*** Opening of GIVEN INFORMATION ***
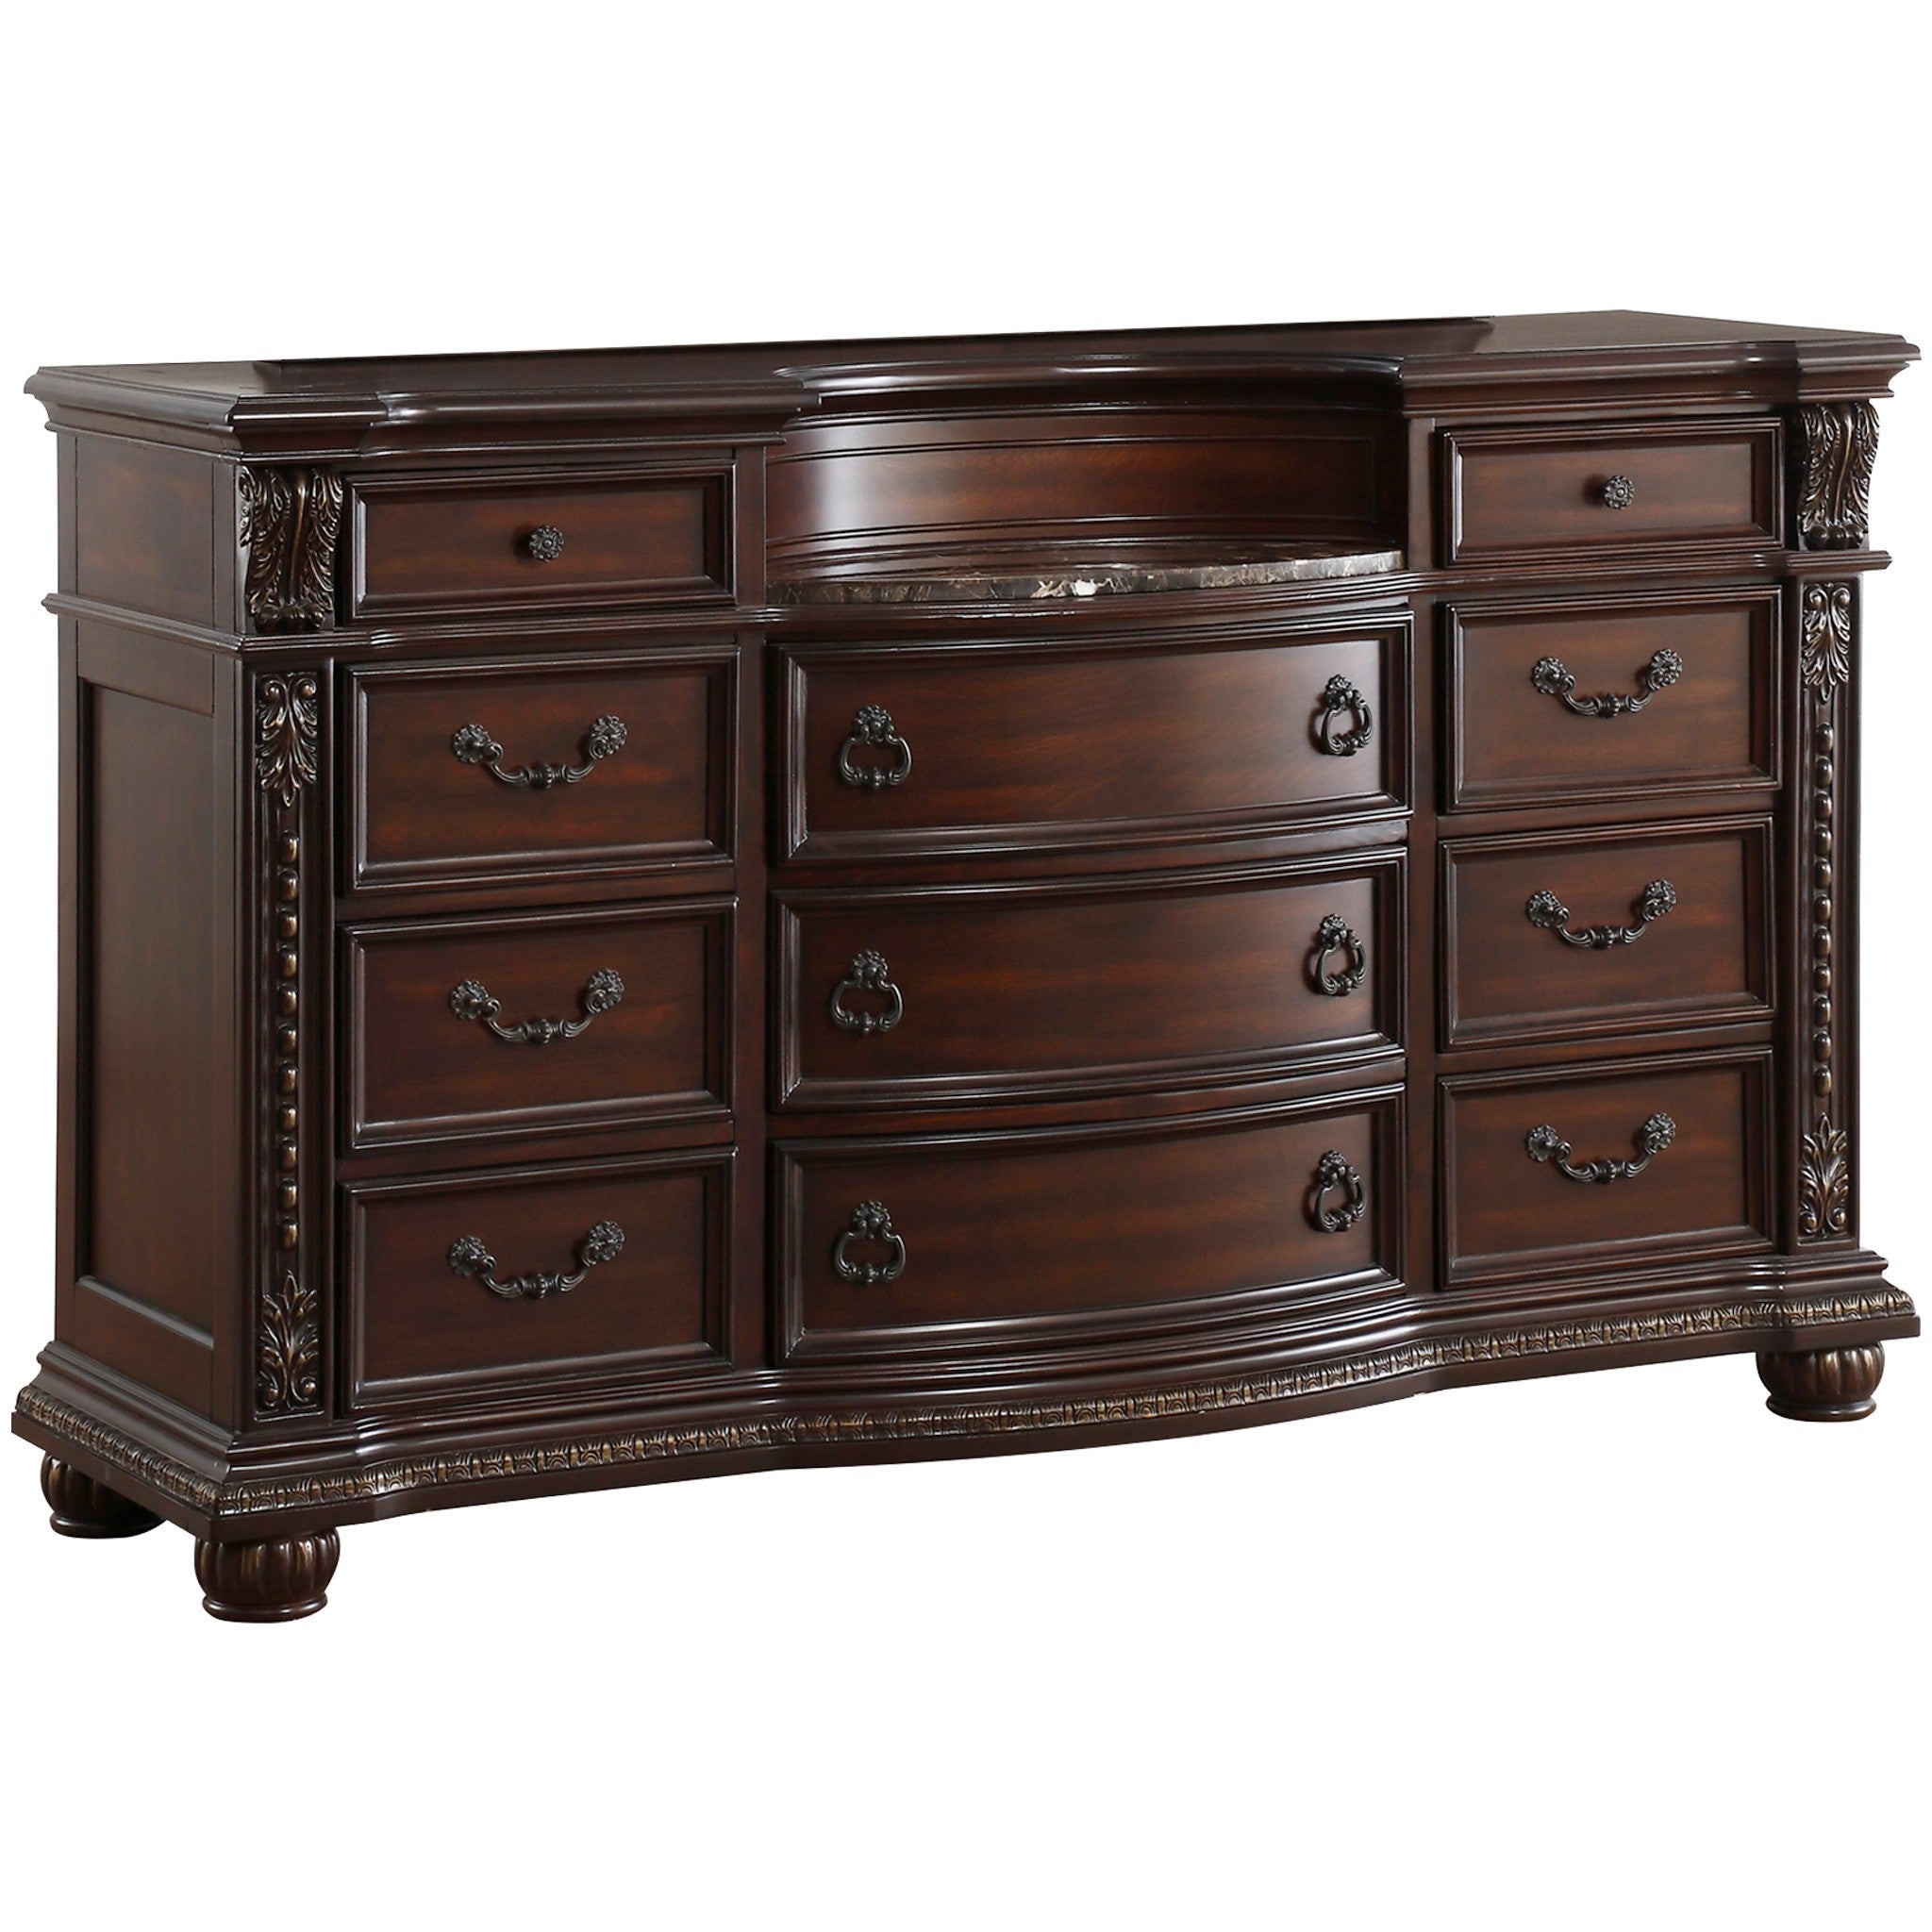 Cavalier Dresser in Brown
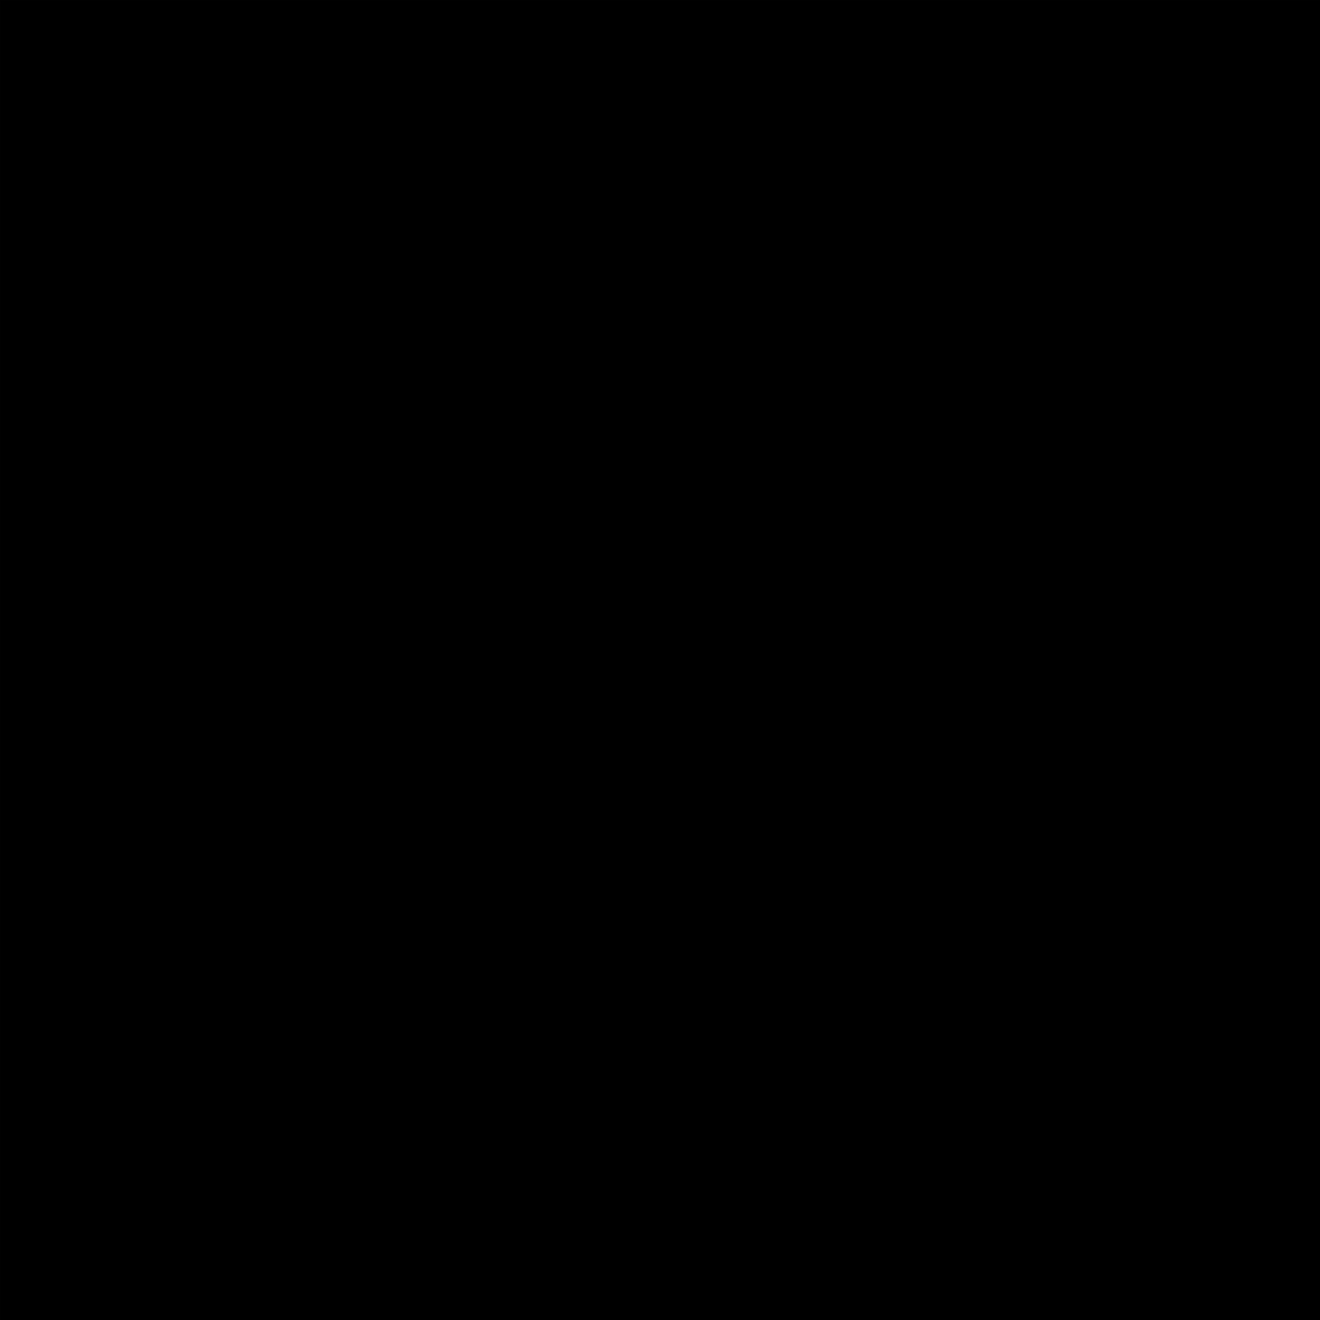 Pedrazzoli Bandsaws logo
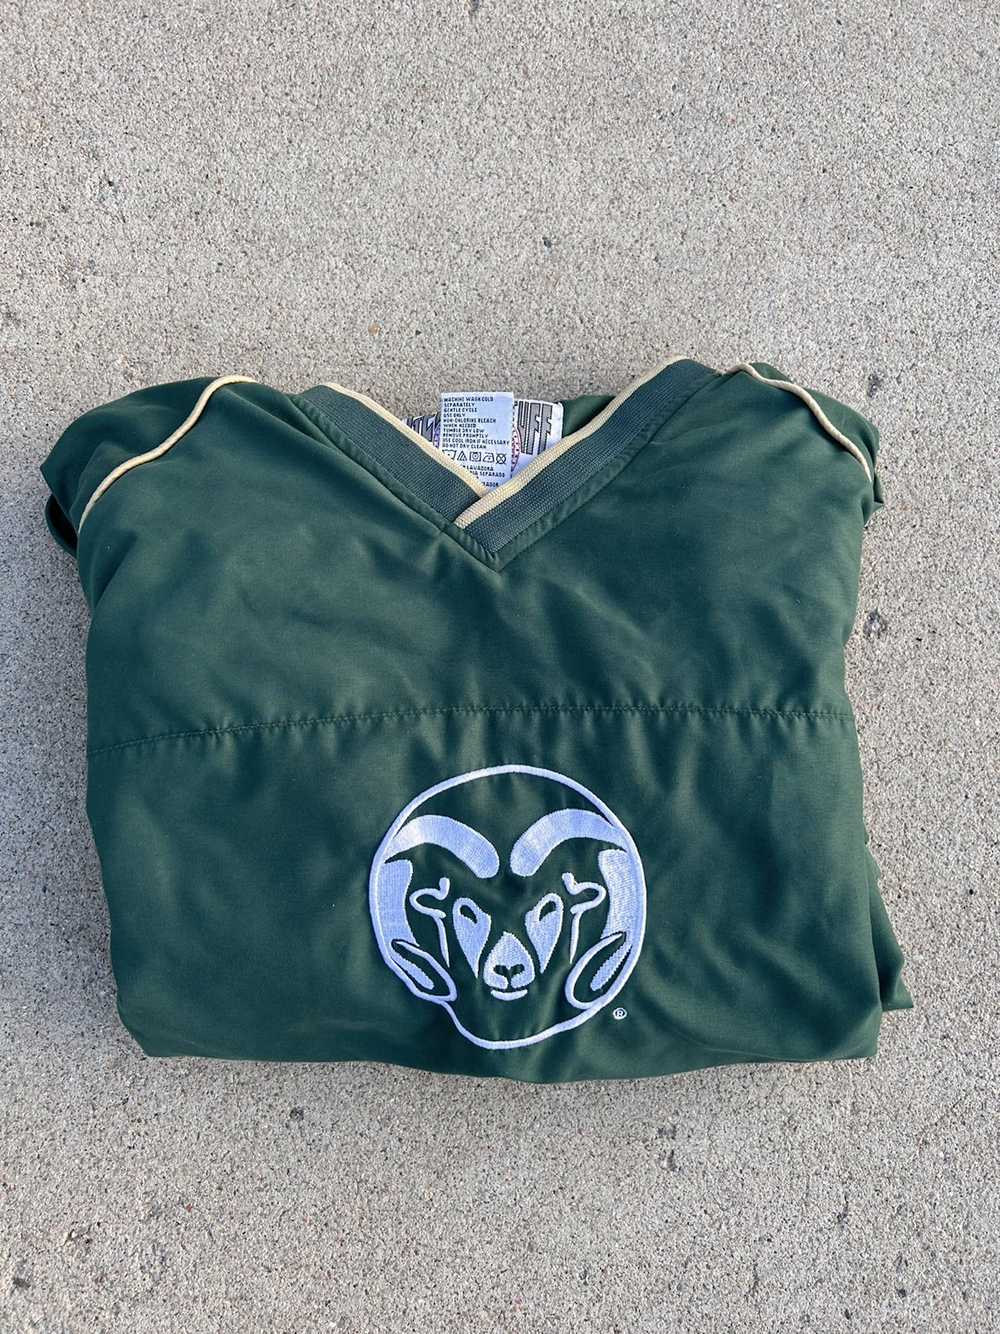 Collegiate Colorado State University Rams Jumper - image 3
*** Close of GIVEN INFORMATION ***
HOW TO COMPLETE THIS TASK:
Word for word, repeat the material above and drop the pictures.

TASK OUTPUT:
 Cavalier Dresser in Brown
 Pedrazzoli Bandsaws logo
 Collegiate Colorado State University Rams Jumper - image 3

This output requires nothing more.